Stuck in an Elevator

I spent two hours stuck in an elevator alone this afternoon. Let me dispel the  common beliefs that there is an emergency hatch or that people will readily come to get you; you are pretty much alone. I spent about thirty minutes pressing the help and alarm buttons intermittently to little avail. Eventually a security guard came along and began the process of getting the elevator company representative to come and get me out.

Top Five Things I Learned While Stuck in an Elevator

  1. Elevators are solid boxes with no alternative exits.
  2. Solitary confinement is no fun without reading material.
  3. The fan noise is just that…noise.
  4. The help button calls random people who only say hello once before hanging up.
  5. Firemen do not like being called to get a man out of an elevator.

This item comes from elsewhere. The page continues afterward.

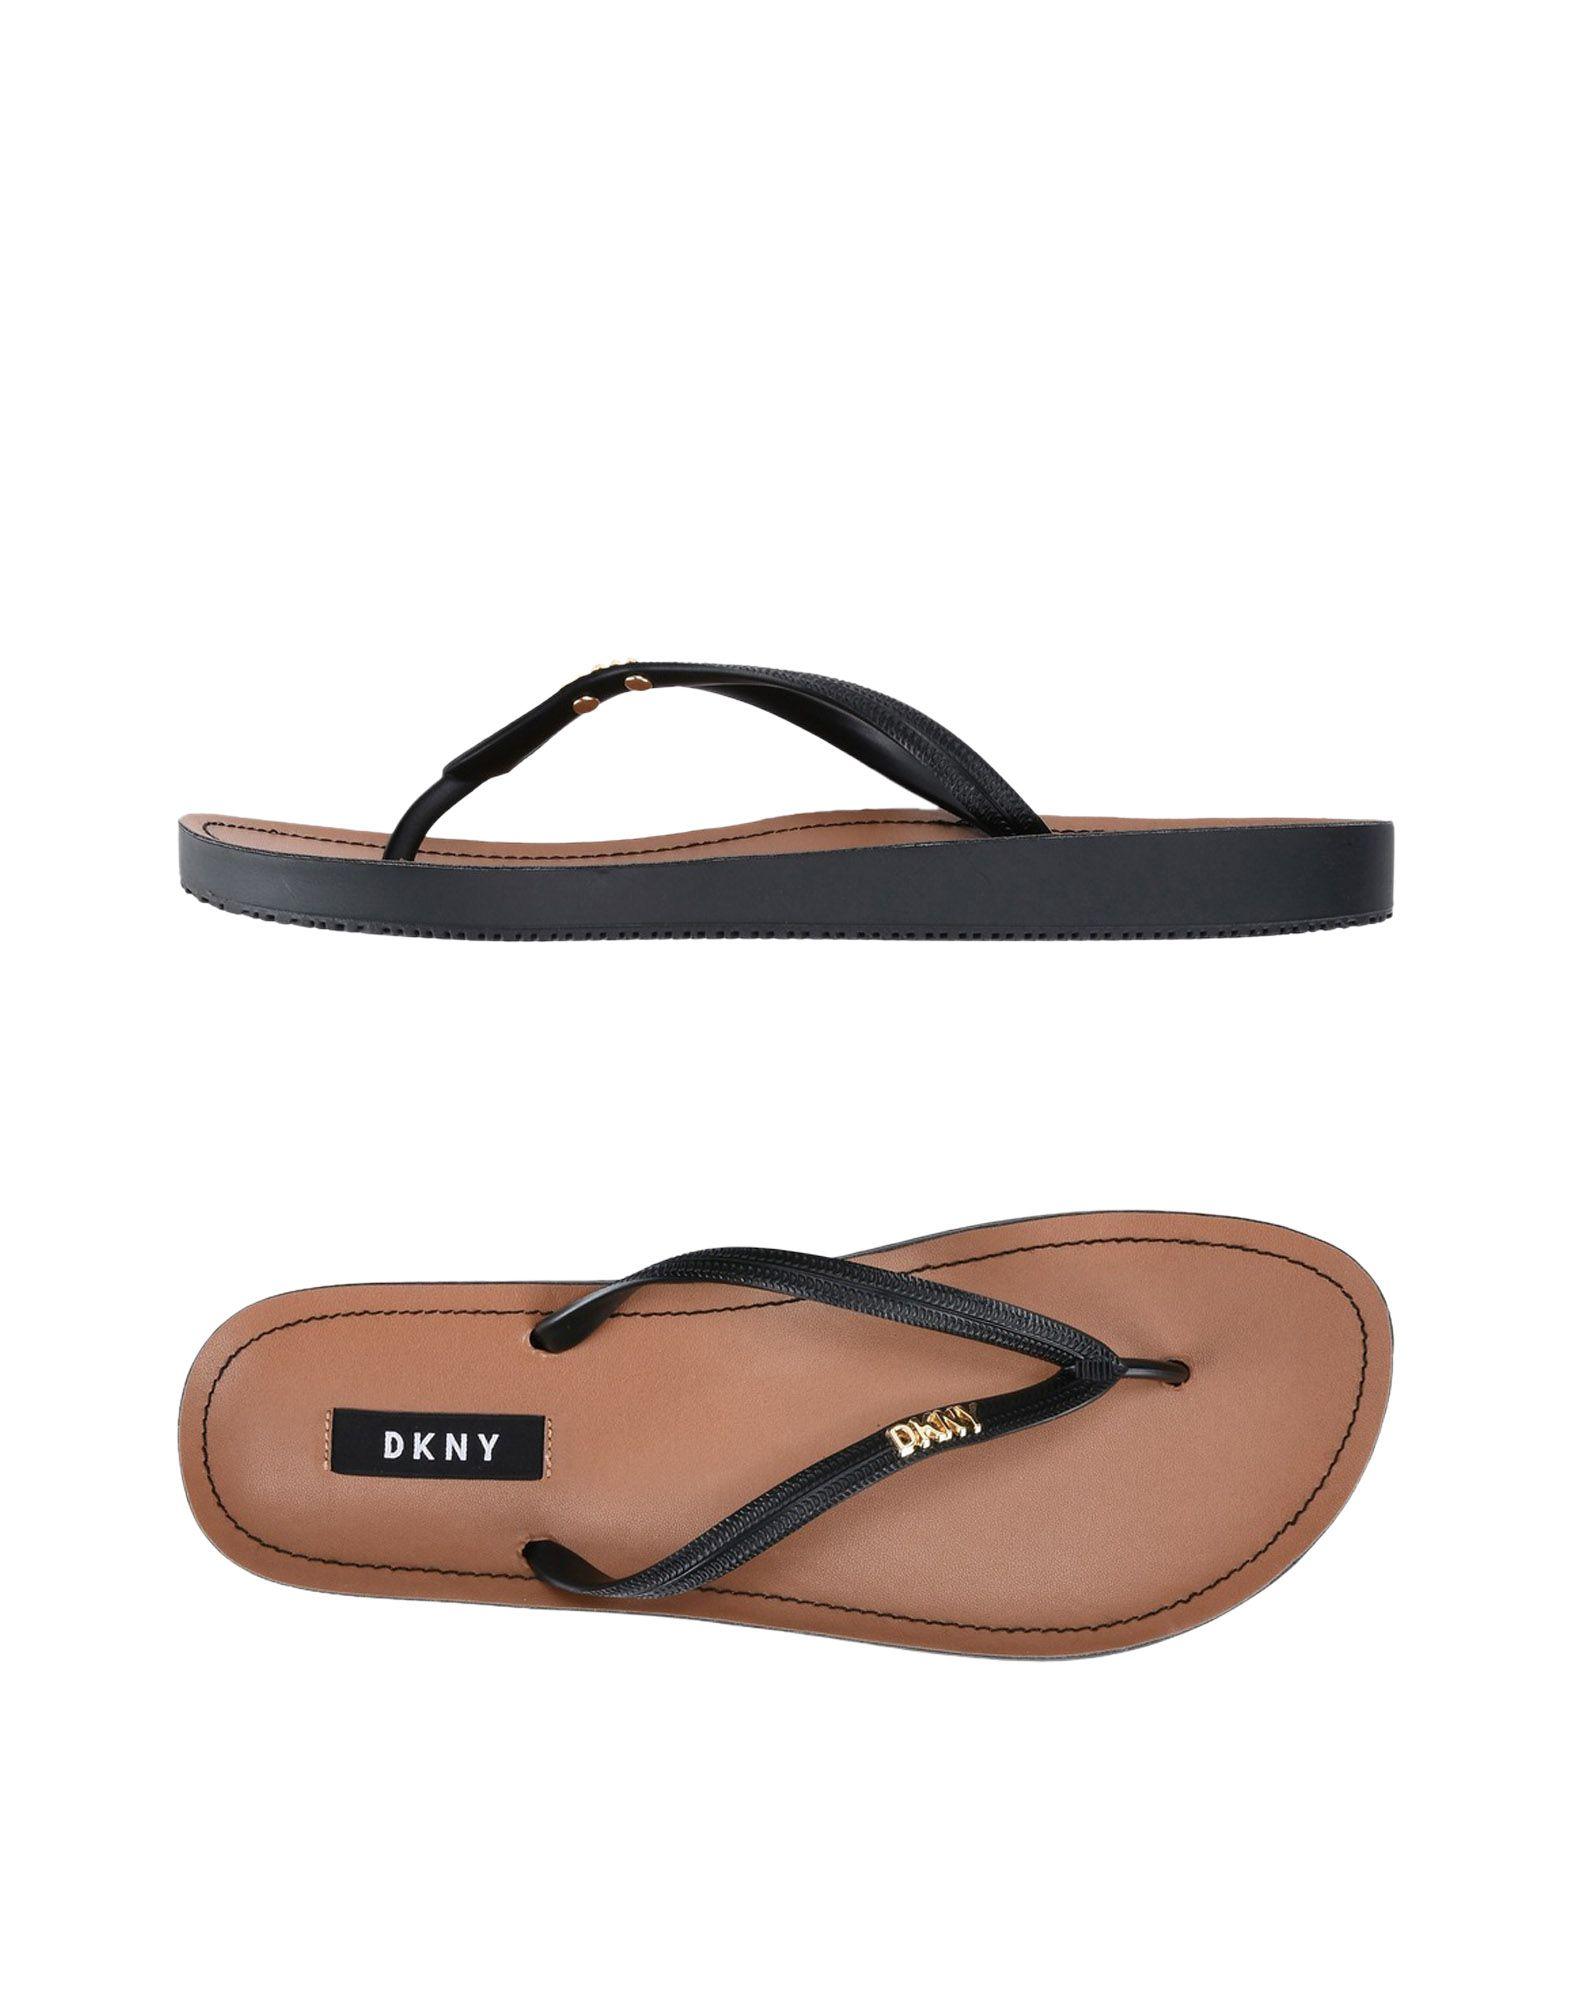 Dkny Gute Dianetten Damen  11459008DP Gute Dkny Qualität beliebte Schuhe e351aa

On to topics more soothing to the human condition: the cigar scene in Havana. Before expounding on the brilliant revelations I enjoyed while sampling the finest tobaccos and rums, let me qualify that I fully understand that cigars are not healthy and that alcohol is addictive. I am not a smoker. I grew up with three cigarette chain-smokers, and I detest the stale smoke smells and hacking coughs tobacco can produce. At the same time, I adore finely crafted products that are meant for aficionados at appropriate times in moderation. Personally, I might be able to smoke one cigar a month, and half of the time I feel pretty ill afterwards. However, I love the smell of tobacco and cedar in a humid environment, and the ritual of cigar smoking is life-affirming. Yes, smoking sticks regularly will kill you, but so will regularly eating McDonalds, watching TV and talking on your cellphone while driving. When these comparisons are made the validity of the New Puritans become less clear.

Canadians are permitted to purchase 50 cigars without paying duty at the border. 50 cigars are a lot for a non-smoker to buy, but given the considerably cheaper prices, higher quality of product and that there was nothing else to buy in Cuba, I decided to buy two boxes of 25 cigars. V.’s suggestion was to try a different cigar each night while we were in Havana so that I had a good idea of what I was getting. While it was an excellent suggestion, V. was not overly impressed with the “dirty socks” smell produced by my first and second cigar choices (a Cohiba from the Partagas Factory tour and an Upmann from El Templete restaurant). She was quite right, and I did do my best to take things outside or where there was ventilation – like the balcony of Hotel Florida while watching lightning and listening to a bass play some Cuban jazz into the night.

The major revelation I had while going to the better humidors was that the selection was pretty limited and questionable even there.  Hotel Nacional, Partagas, and visits to a few other well-known shops revealed a lot of Cohiba for tourists and a random collection of other brands. Their main raison d’etre was to sell souvenirs to tourists looking for Cohiba to smoke by the pool of an all-inclusive. With each visit, I decided that the best chance I had of buying quality boxes was at my hotel’s humidor, NH Parque Centrale. There I was able to try a Hoyo de Monterray, a Vegas Robaina, a Partagas and a Montecristo over our stay. After many returns we gained some confidence from the matron overlooking the lounge, and buying items regularly made her more confident to try her English. V.’s least stinky favourite was the Vegas Robaina Unico, and I was able to score a box of aged 2007s which was approved by the store matron as being a lucky find (though in a box that was less immaculate than the 2009s). The Vegas brand is newer than Romeo y Julieta or Cohiba, but they are well-appointed and milder to the palette. As pyramids, they also look more attractive and smoke cooler.

The second choice was an H. Upmann 2009 Magnum 48 Limited Edition. Short, rich and beautifully rolled, I really connected with these as a second choice that would serve as a solid counterpoint to the Robaina brand.

Next, I had to get them home and keep them from turning to dust like the Romeo y Julietas I bought in Paris last year. Between the fridge and bags, I only had a few days before they started losing their worth so I headed to The Smokin’ Cigar Inc. on Bayview Avenue. Fortunately, I again lucked out and saved 35% on a gorgeous red lacquer box humidor made out of Spanish cedar. I am currently in the process of trying to acclimatize it to the cigars, which is not as simple as you might think.  

Yo ho ho…the bottle of rum? We decided after trying a few different brands and vintages that the Barrel Proof Havana Club was the best buy at $35 for a litre. We did have a beautiful aged rum at the hotel, but it was not available anywhere in the Havana stores, so we bought what we thought would go well with a cold Canadian night.